> [Task statement] The answer is an exact copy of the lines from the one with "Ripped paper mockup, pastel" to the end of the listing below, pictures left out.

> [Provided data]

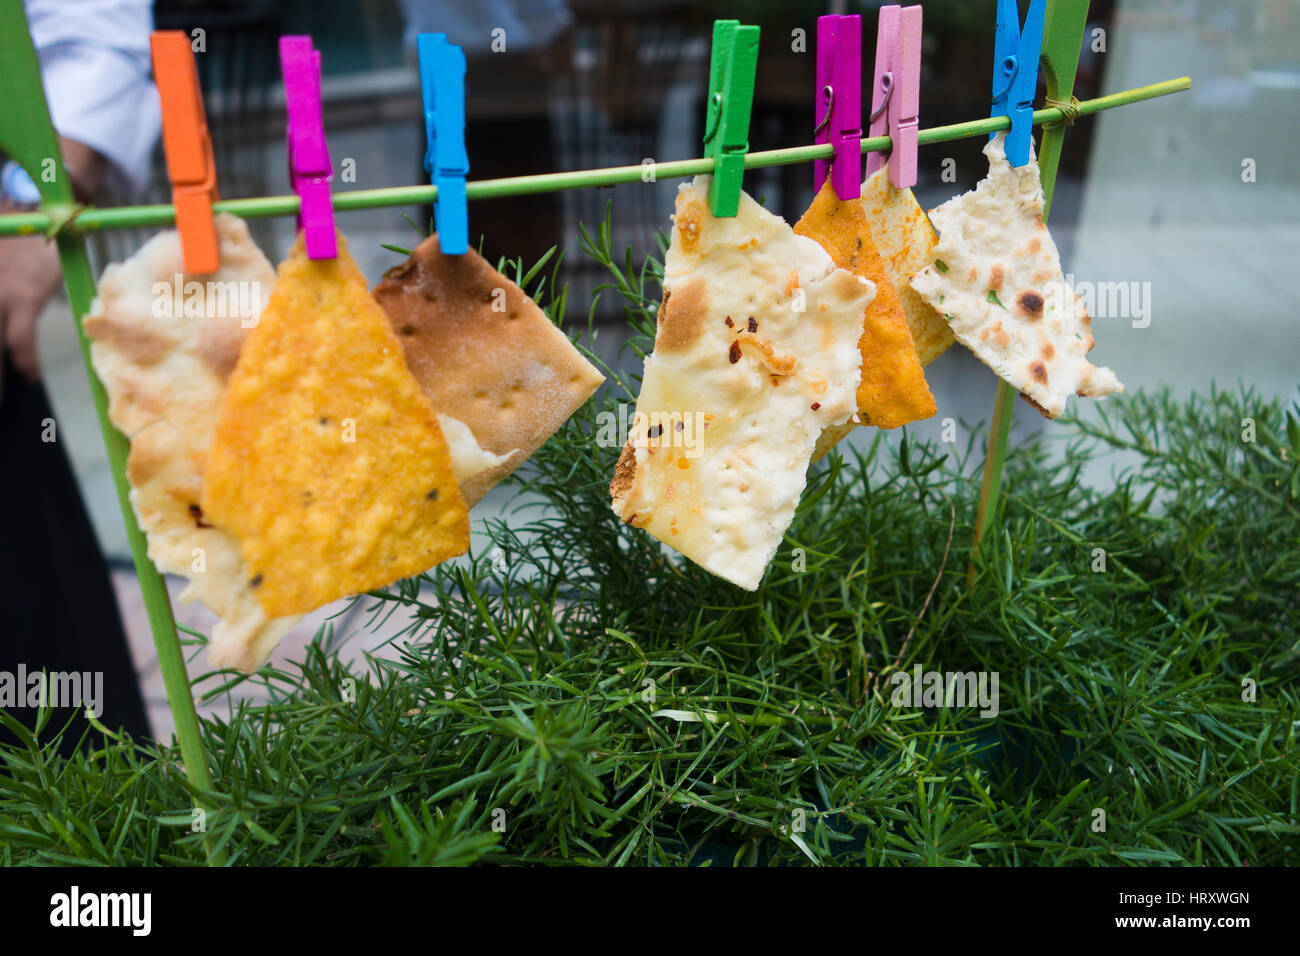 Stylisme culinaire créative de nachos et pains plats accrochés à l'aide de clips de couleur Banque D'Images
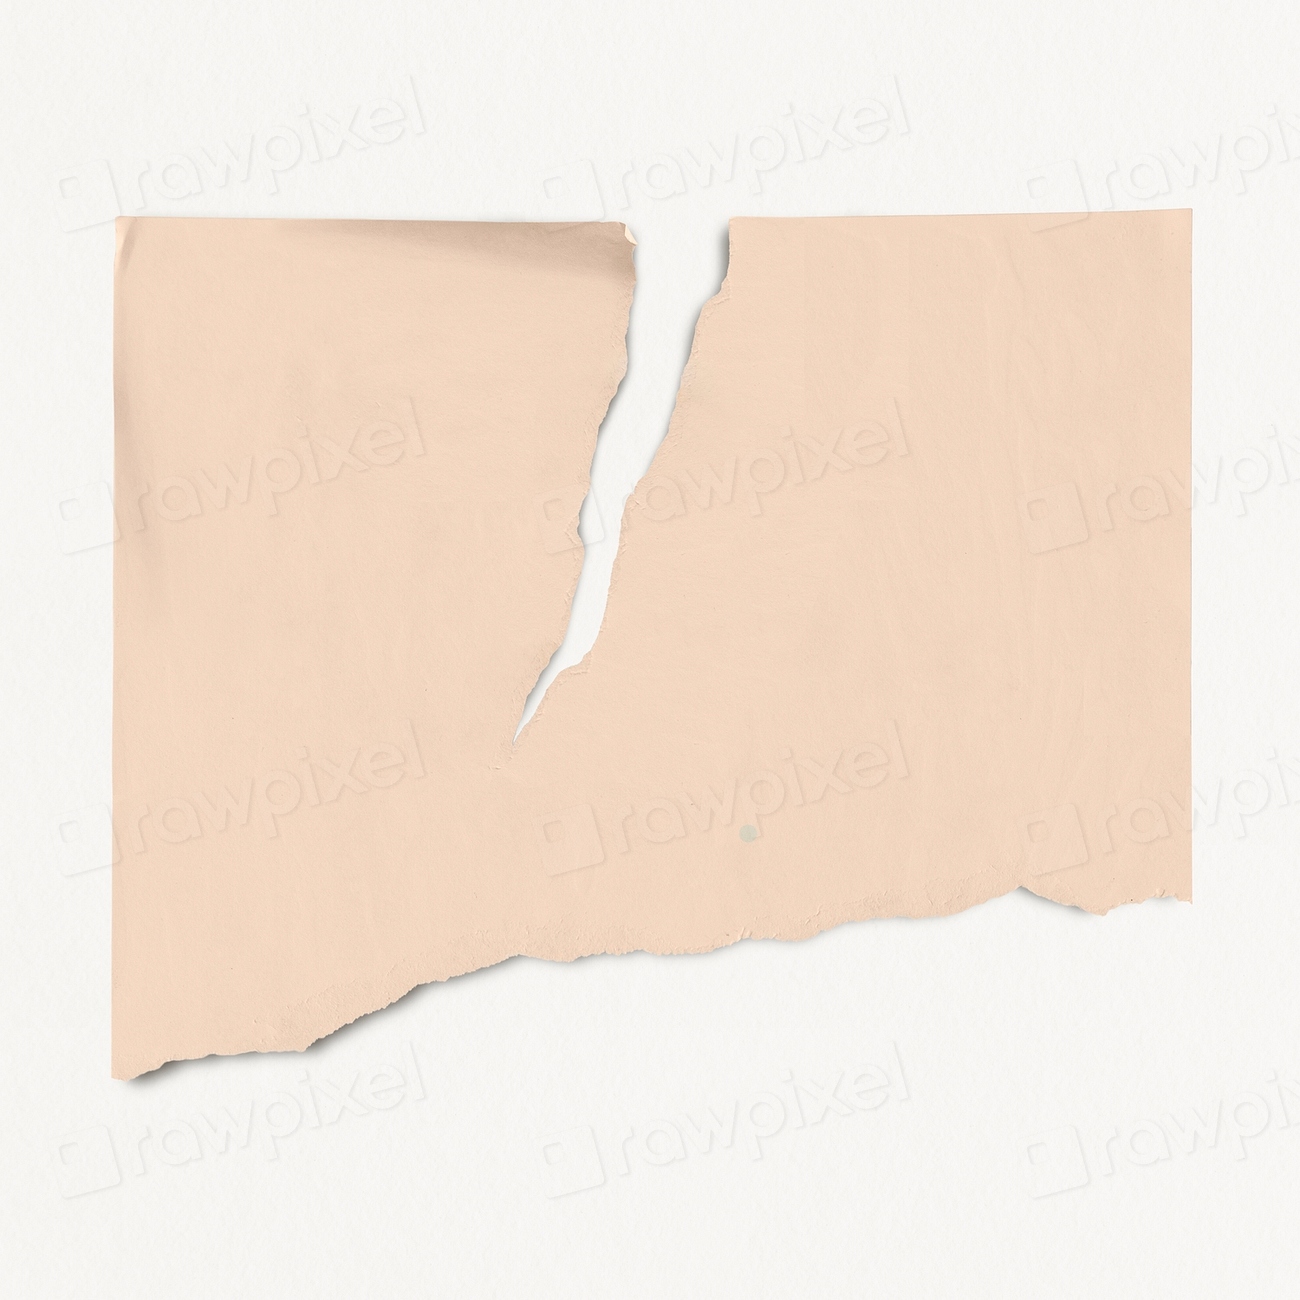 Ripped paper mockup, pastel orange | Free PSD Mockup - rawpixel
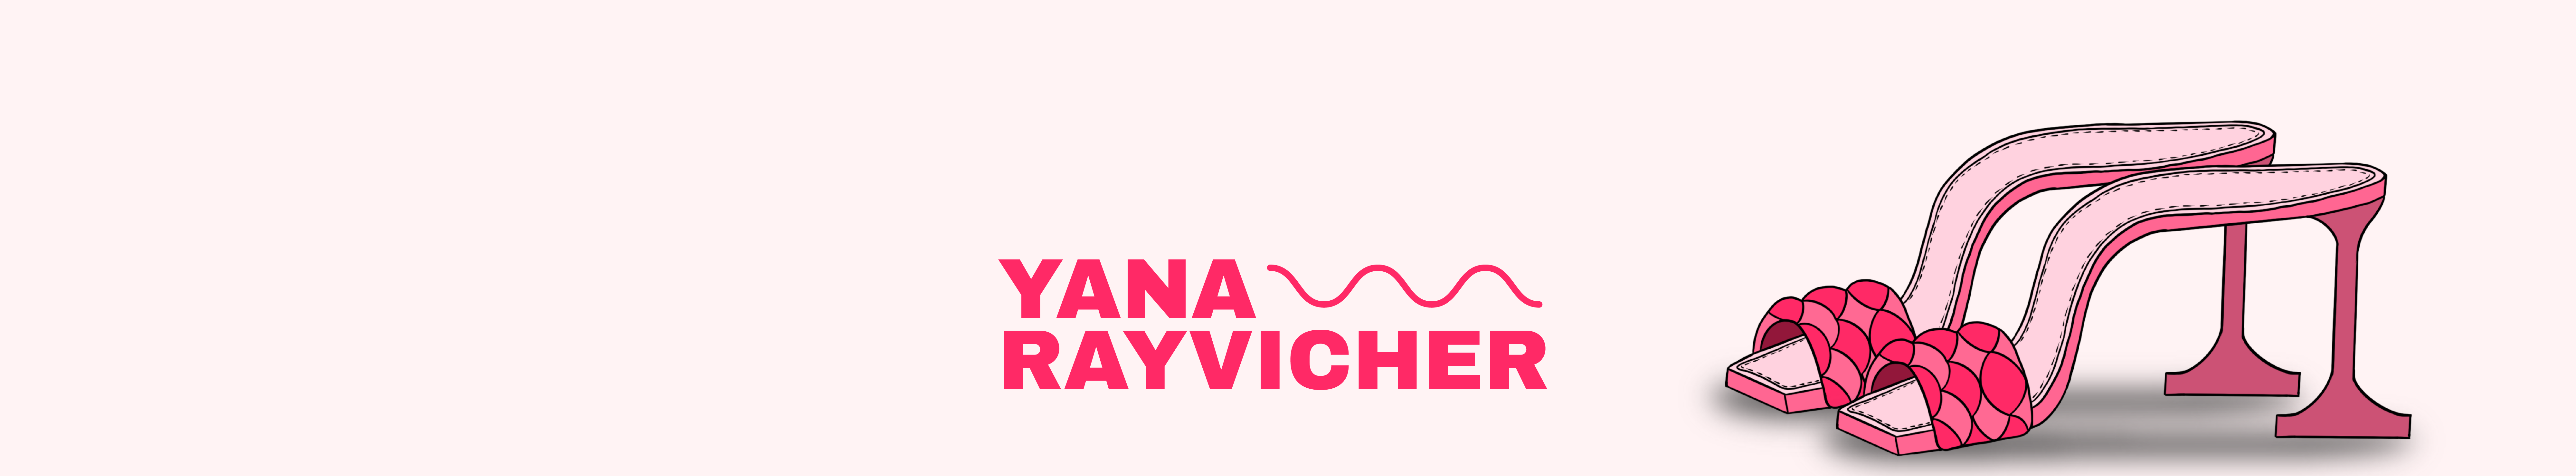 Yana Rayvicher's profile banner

> [Final answer]
 Ripped paper mockup, pastel orange | Free PSD Mockup - rawpixel
 Yana Rayvicher's profile banner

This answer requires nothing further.